It should be noted that the terms "first," "second," and the like in the description and the claims of the present invention and the above figures are used for distinguishing between similar objects and not necessarily for describing a particular sequential or chronological order.
The method embodiments provided in the embodiments of the present application may be performed in a mobile terminal, a computer terminal or similar computing device. Taking the mobile terminal as an example, fig. 1 is a block diagram of a hardware structure of the mobile terminal according to a method for determining behavior information according to an embodiment of the present invention. As shown in fig. 1, a mobile terminal may include one or more (only one is shown in fig. 1) processors 102 (the processor 102 may include, but is not limited to, a microprocessor MCU or a processing device such as a programmable logic device FPGA) and a memory 104 for storing data, wherein the mobile terminal may also include a transmission device 106 for communication functions and an input-output device 108. It will be appreciated by those skilled in the art that the structure shown in fig. 1 is merely illustrative and not limiting of the structure of the mobile terminal described above. For example, the mobile terminal may also include more or fewer components than shown in fig. 1, or have a different configuration than shown in fig. 1.

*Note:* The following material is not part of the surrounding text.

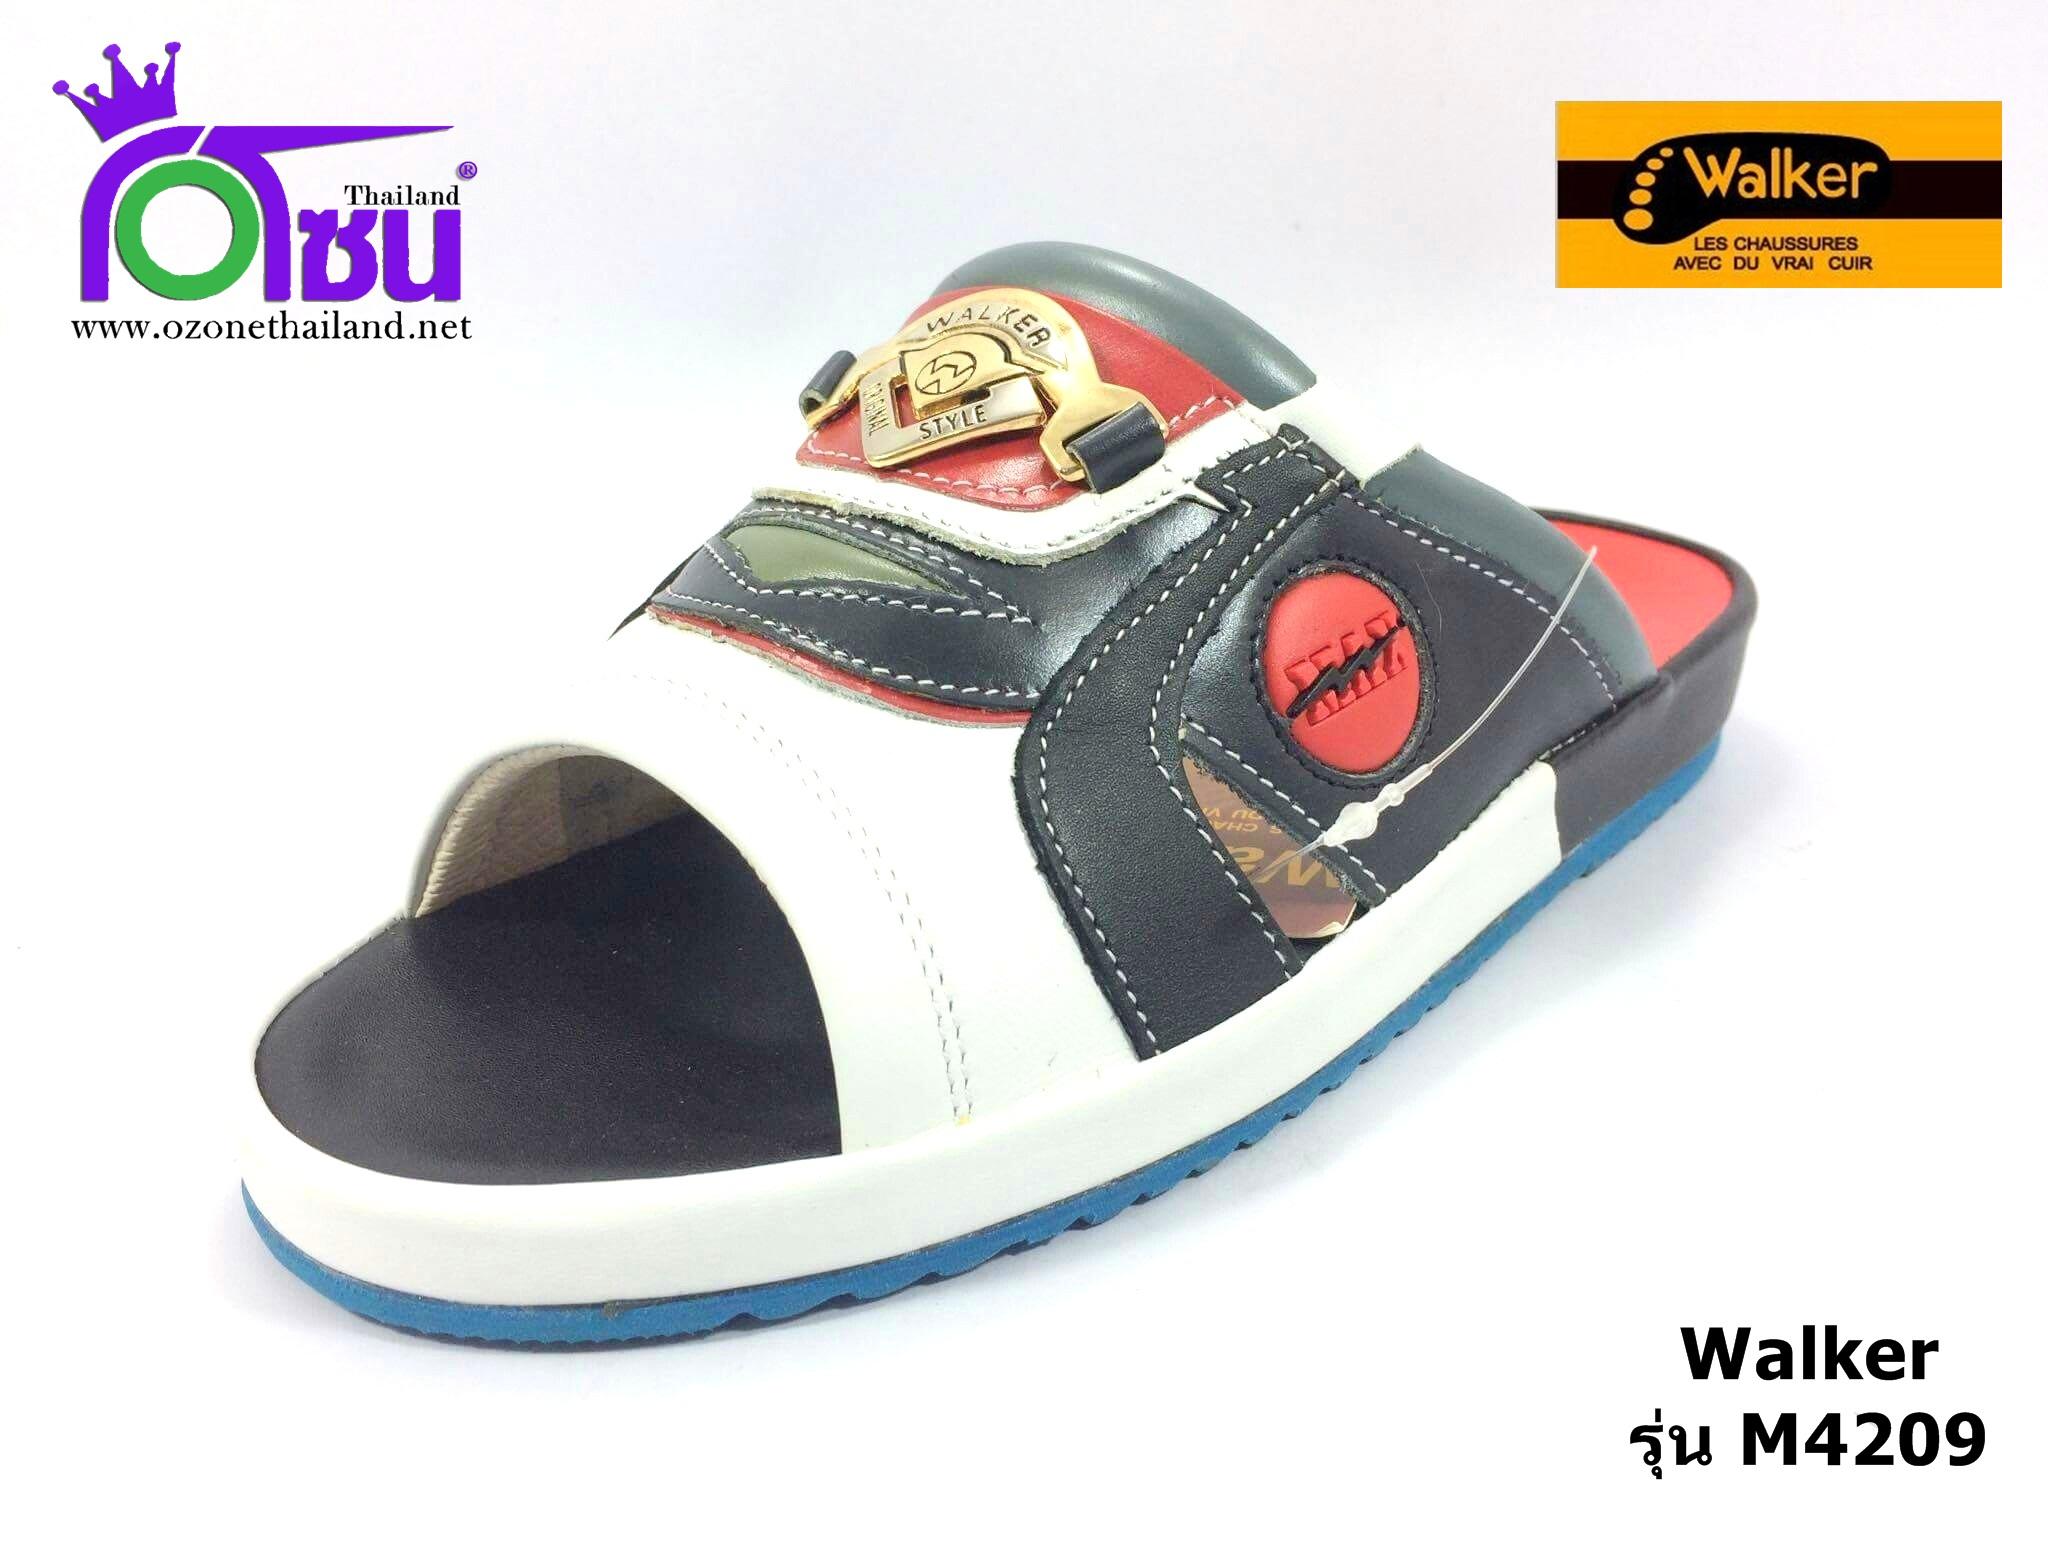 รองเท้า Walker วอคเกอร์ รุ่นM4209 สีดำ เบอร์ 40-45

The memory 104 may be used to store a computer program, for example, a software program of application software and a module, such as a computer program corresponding to a method for determining behavior information in an embodiment of the present invention, and the processor 102 executes the computer program stored in the memory 104 to perform various functional applications and data processing, that is, to implement the above-described method. Memory 104 may include high-speed random access memory, and may also include non-volatile memory, such as one or more magnetic storage devices, flash memory, or other non-volatile solid-state memory. In some examples, the memory 104 may further include memory remotely located relative to the processor 102, which may be connected to the mobile terminal via a network. Examples of such networks include, but are not limited to, the internet, intranets, local area networks, mobile communication networks, and combinations thereof.

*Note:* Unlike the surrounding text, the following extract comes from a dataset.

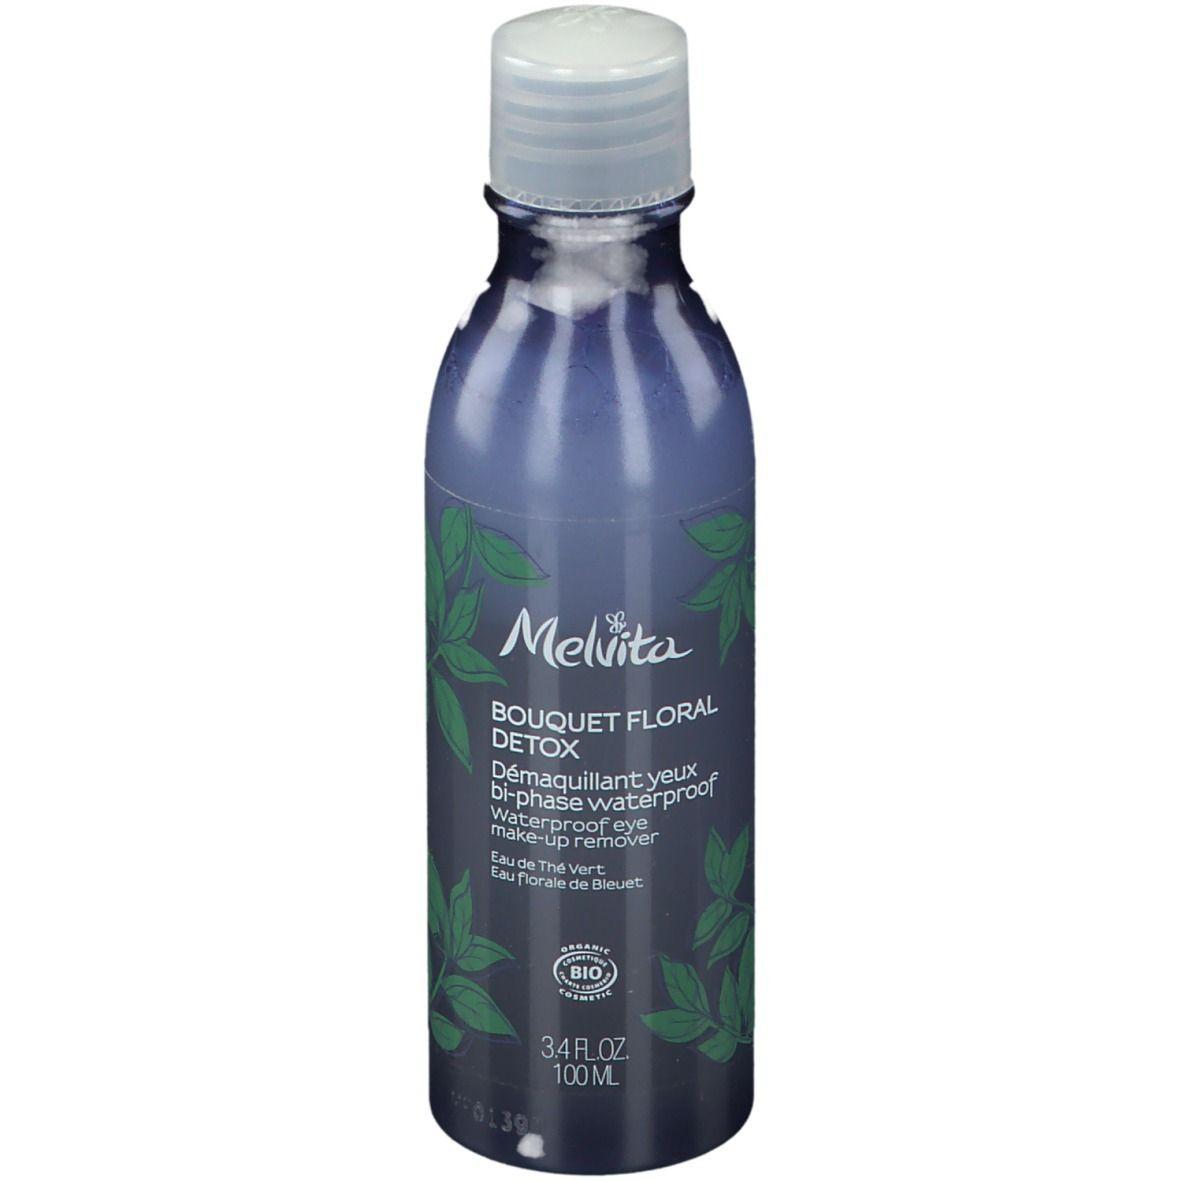 Melvita Bouquet Floral Detox - Démaquillant Yeux Bi-Phase Waterproof Bio ml produit(s) démaquillant(s)

The transmission device 106 is used to receive or transmit data via a network. Specific examples of the network described above may include a wireless network provided by a communication provider of the mobile terminal. In one example, the transmission device 106 includes a network adapter (Network Interface Controller, simply referred to as NIC) that can connect to other network devices through a base station to communicate with the internet. In one example, the transmission device 106 may be a Radio Frequency (RF) module, which is configured to communicate with the internet wirelessly.
In this embodiment, a method for determining behavior information is provided, fig. 2 is a flowchart of a method for determining behavior information according to an embodiment of the present invention, and as shown in fig. 2, the flowchart includes the following steps:
step S202, inputting target data into a target network model, identifying the target data from different dimensions by utilizing a plurality of sub-networks included in the target network model, and determining behavior information of a target object included in the target data;
the target network model is trained by the following modes: inputting target training data into an initial network model to obtain loss values output by N sub-networks included in the initial network model, wherein the N sub-networks are used for identifying the target training data from different dimensions, and N is an integer greater than or equal to 2;
determining a first update gradient of each sub-network based on the loss values output by the N sub-networks and a main network parameter of a main network, wherein the main network is a network included in the initial network model;
normalizing the first update gradients of the N sub-networks to obtain N second update gradients;
determining a target update gradient for updating the sub-network parameters of the N sub-networks based on the N second update gradients;
and updating the sub-network parameters of the N sub-networks according to the target updating gradient to obtain a target network model, wherein the target training data and the target data are the same type of data.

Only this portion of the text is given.